▶ [Problem]
The following entries should be restated word for word, pictures excluded.

▶ [Given records]
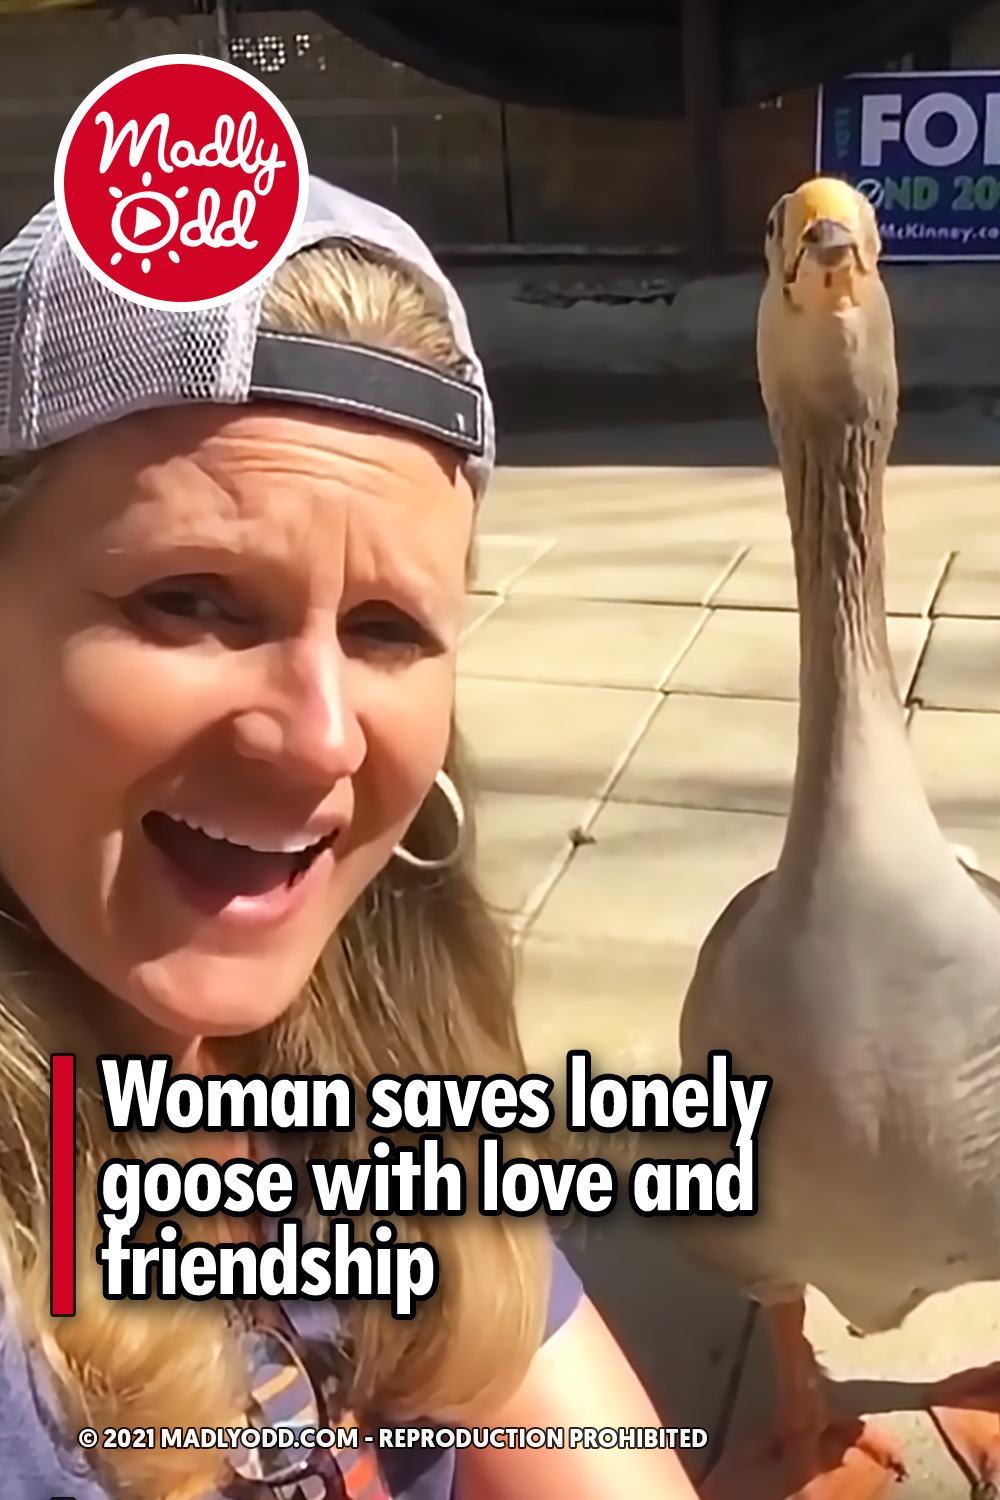 Woman saves lonely goose with love and friendship
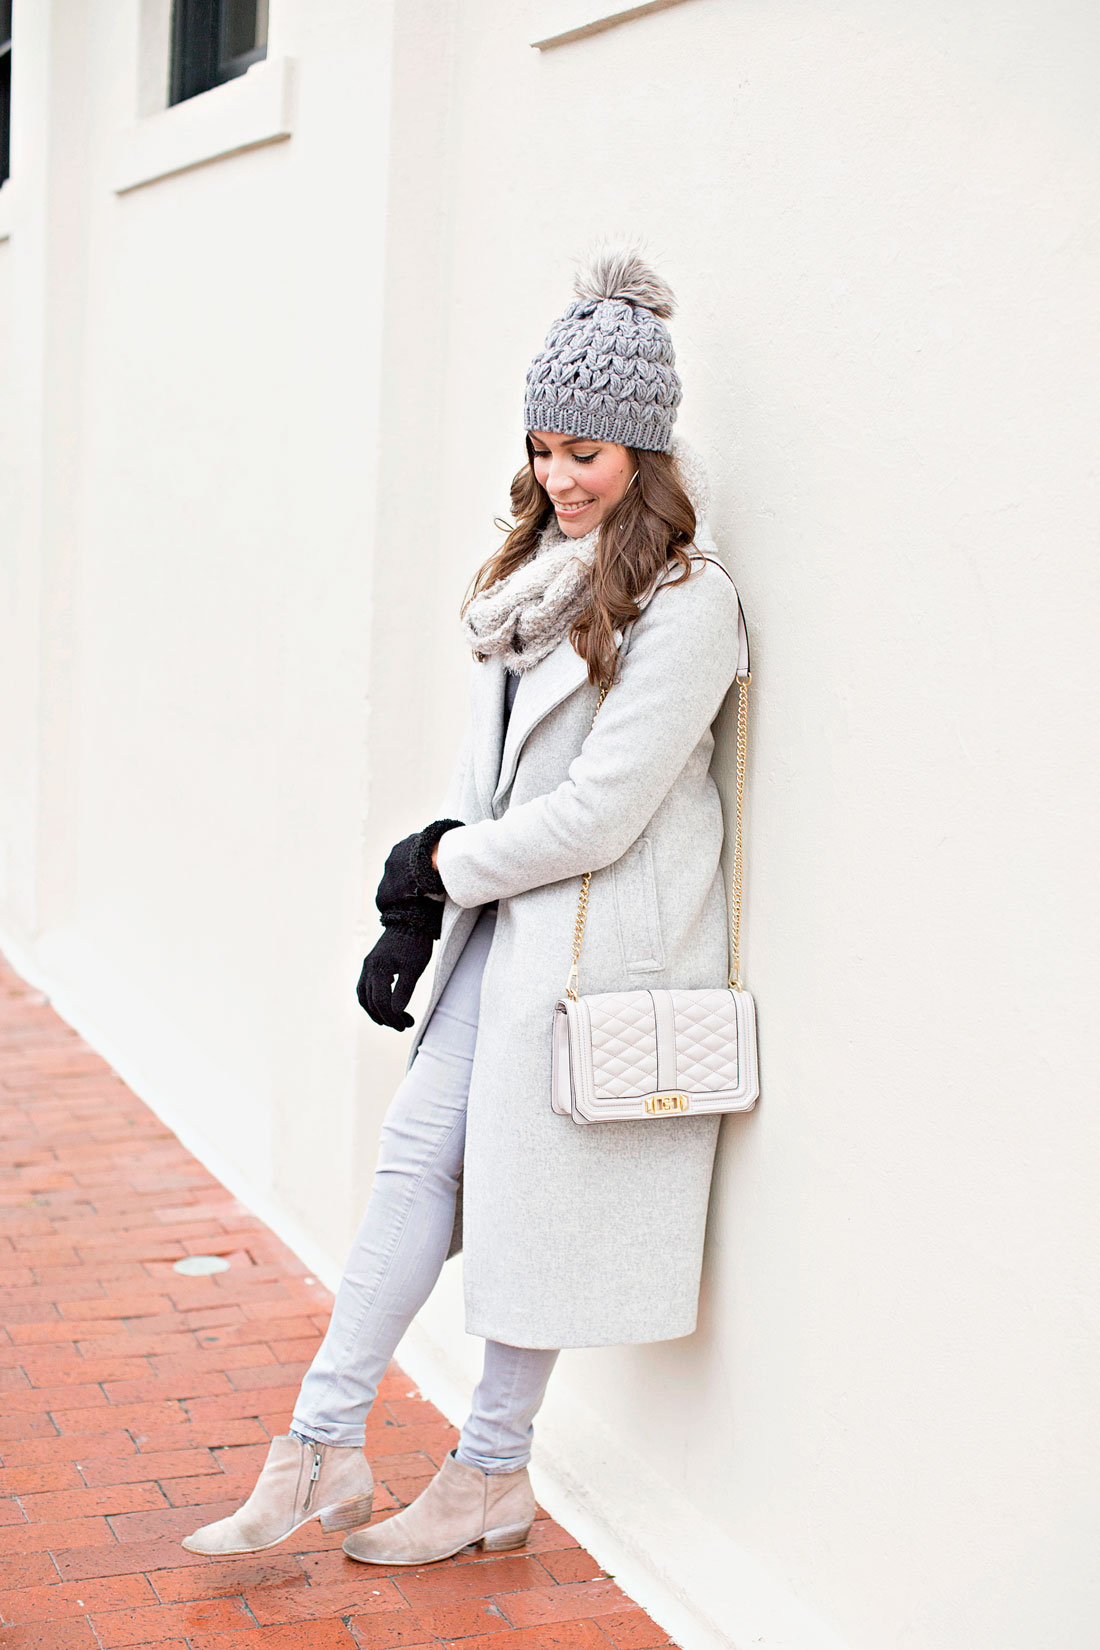 South Florida fashion blogger Amanda from A Glam Lifestyle wears grey monochrome travel outfit
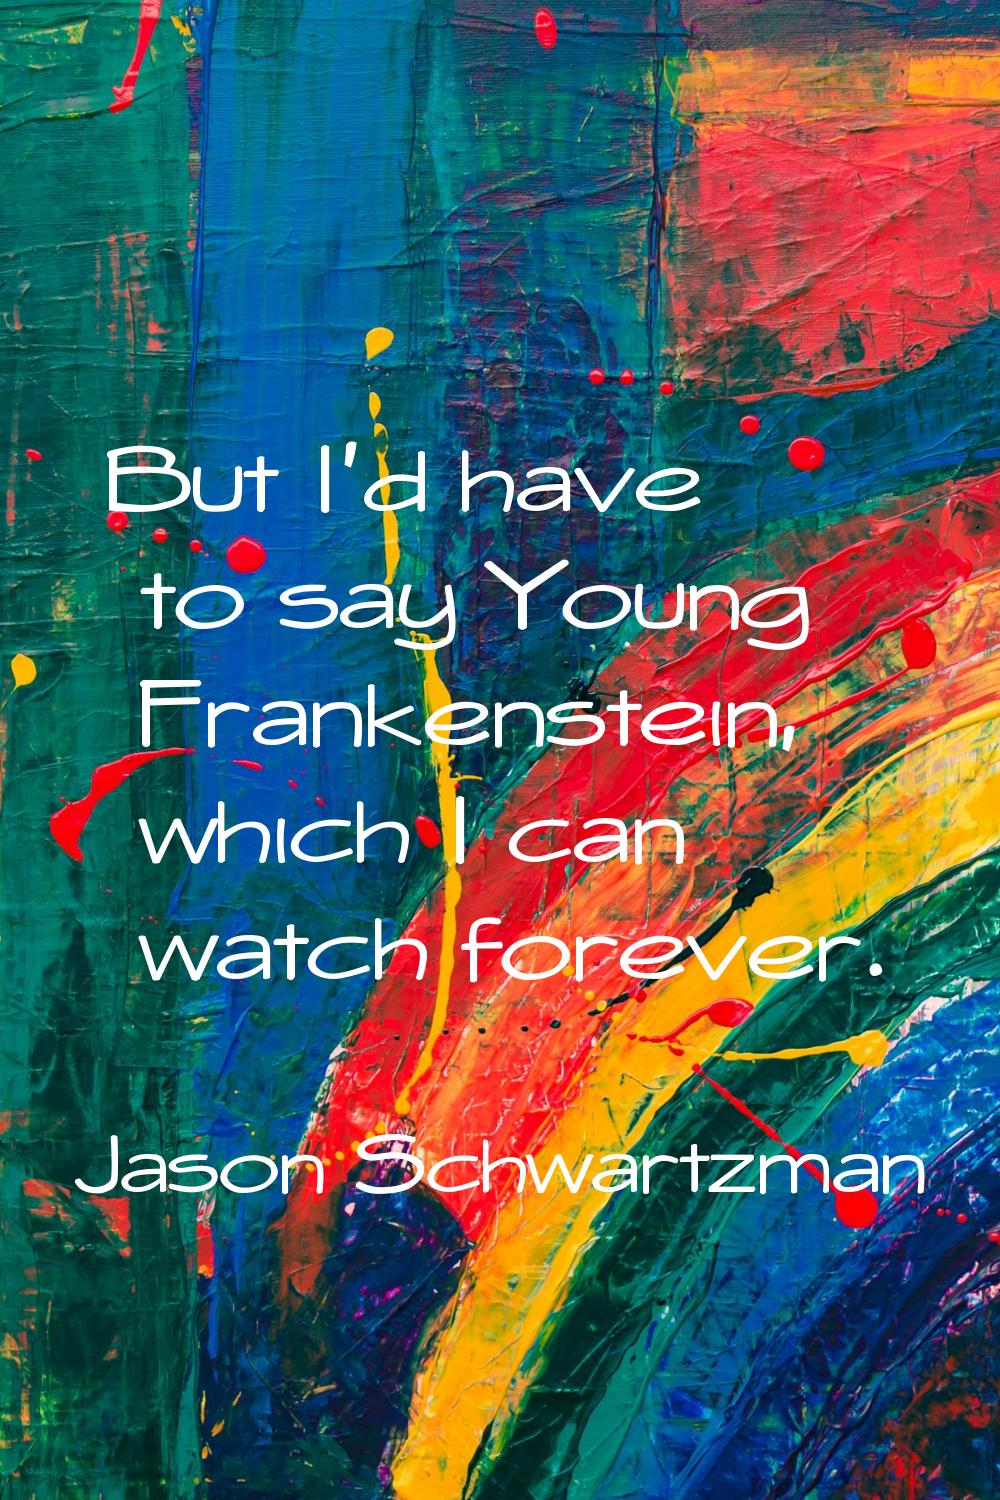 But I'd have to say Young Frankenstein, which I can watch forever.
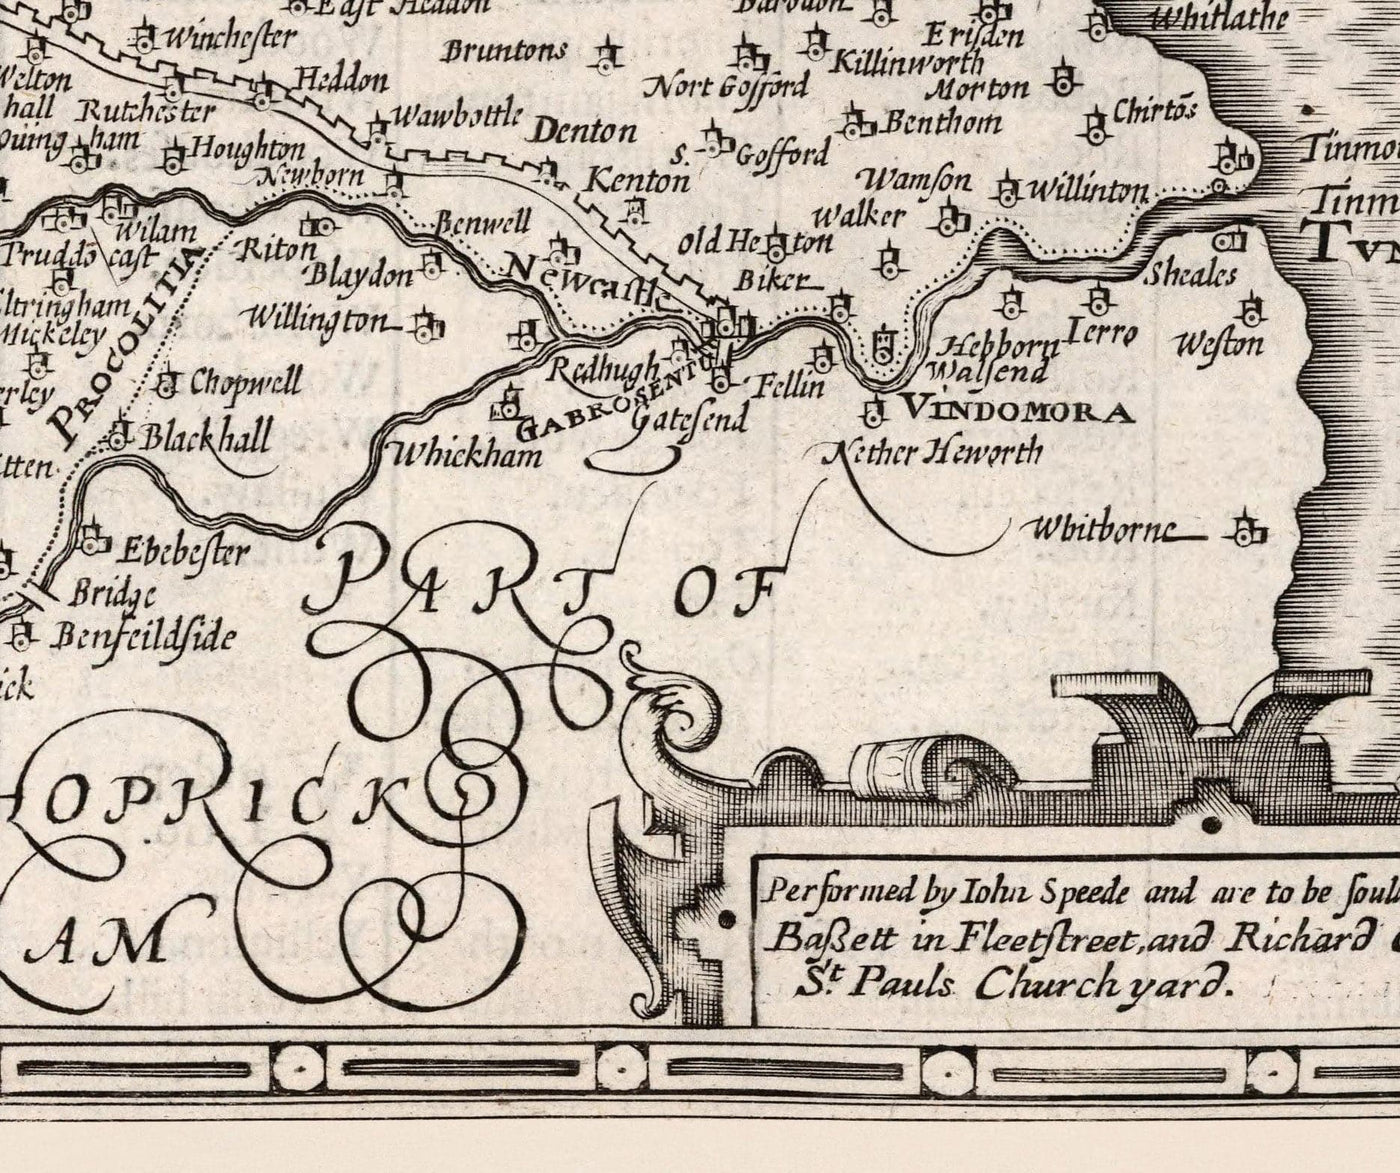 Old Map of Northumberland in 1611 - Newcastle, Gateshead, Hadrian's Wall, South Shields, Tyne and Wear
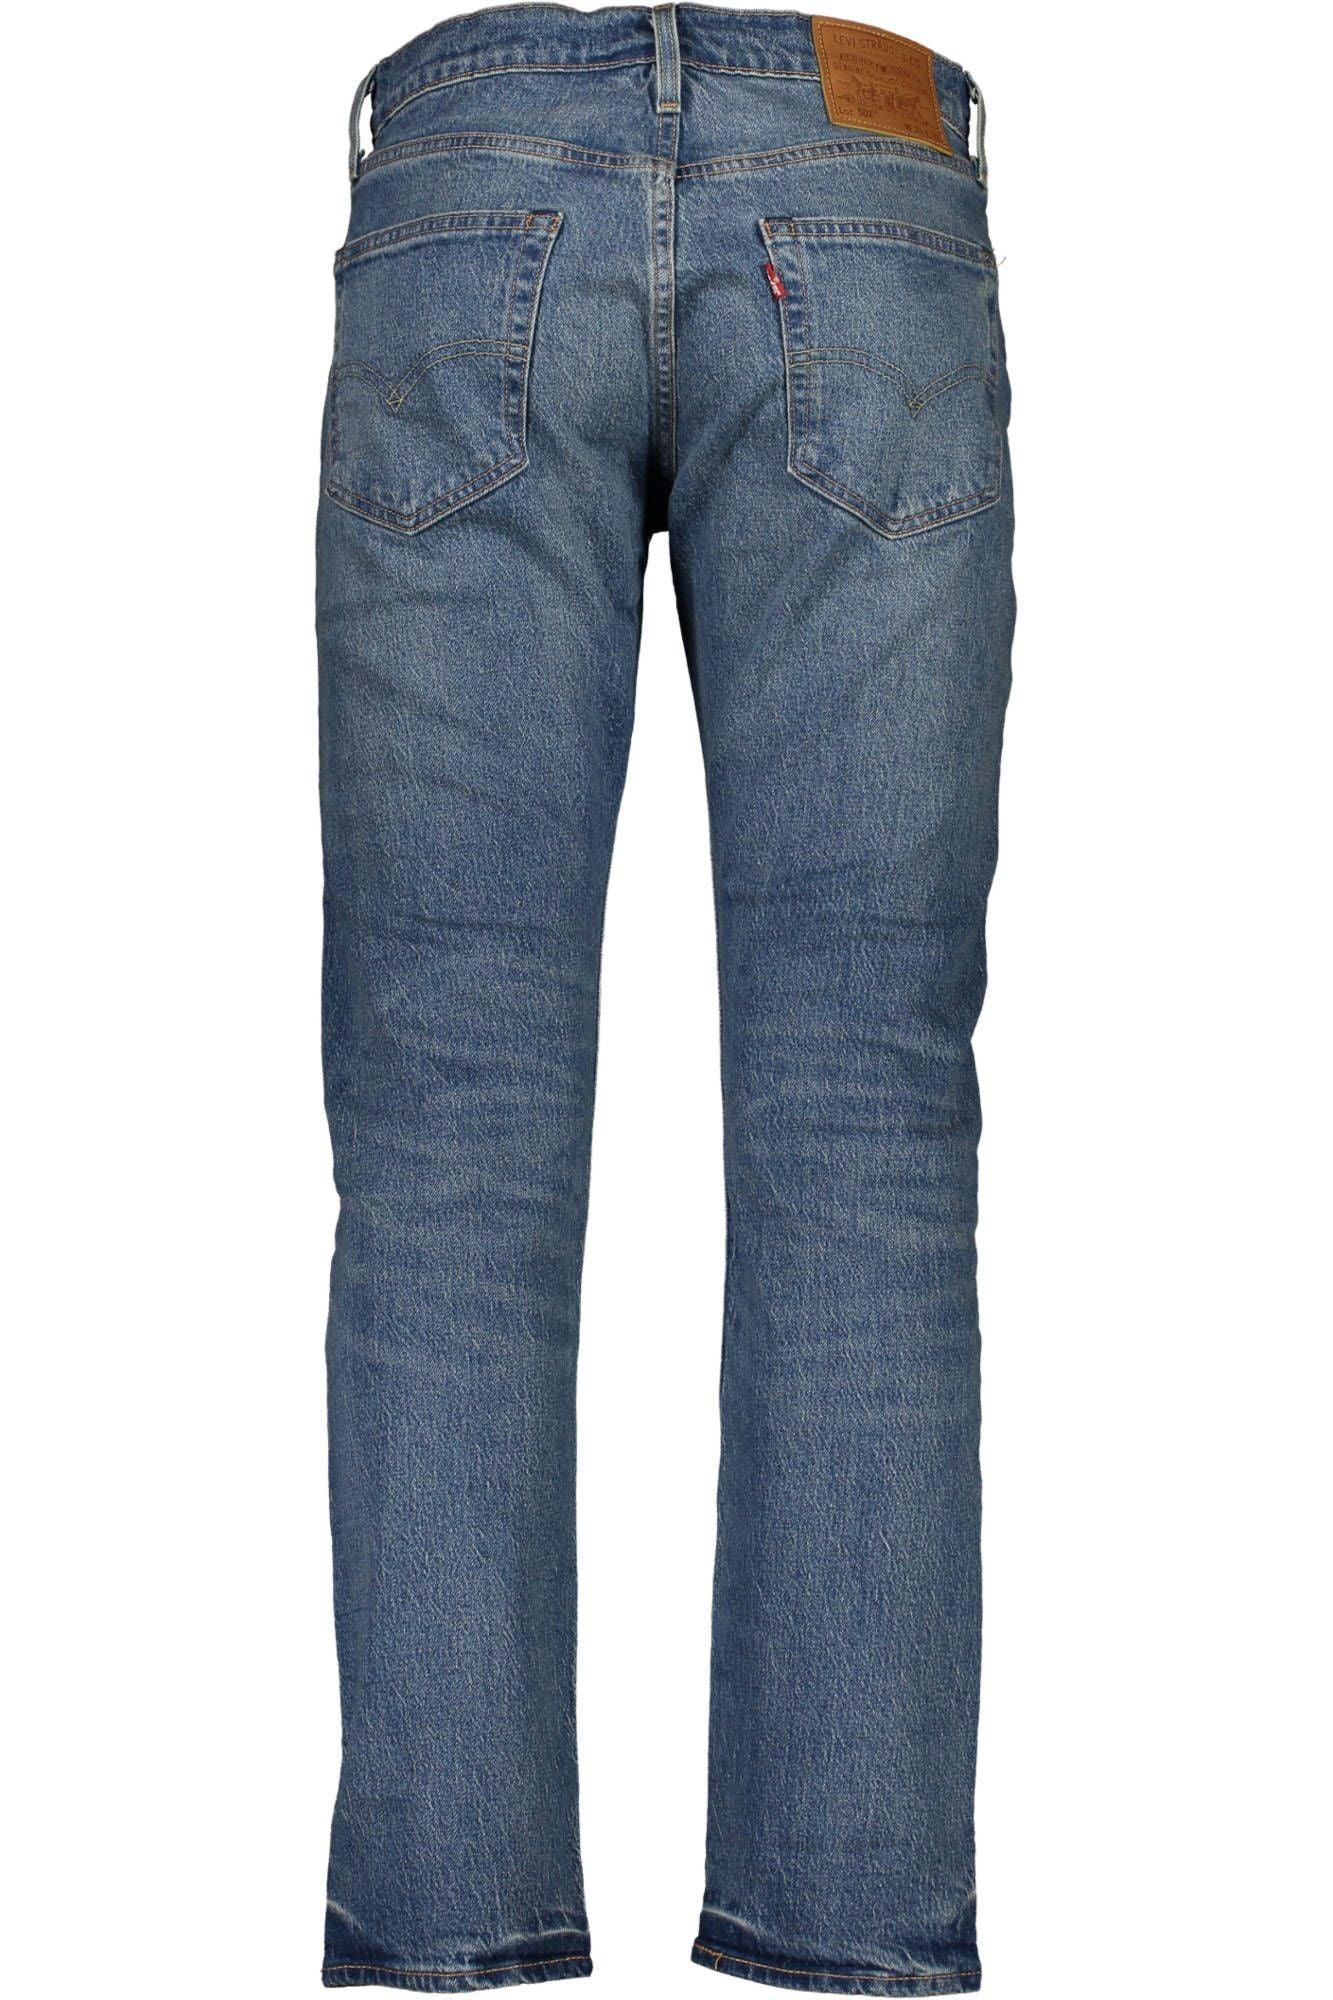 Levi's Timeless Tapered Fit Blue Jeans - PER.FASHION

▶ [Output for this task]
 Woman saves lonely goose with love and friendship
 South Florida fashion blogger Amanda from A Glam Lifestyle wears grey monochrome travel outfit
 But I'd have to say Young Frankenstein, which I can watch forever.
 Old Map of Northumberland in 1611 - Newcastle, Gateshead, Hadrian's Wall, South Shields, Tyne and Wear
 Levi's Timeless Tapered Fit Blue Jeans - PER.FASHION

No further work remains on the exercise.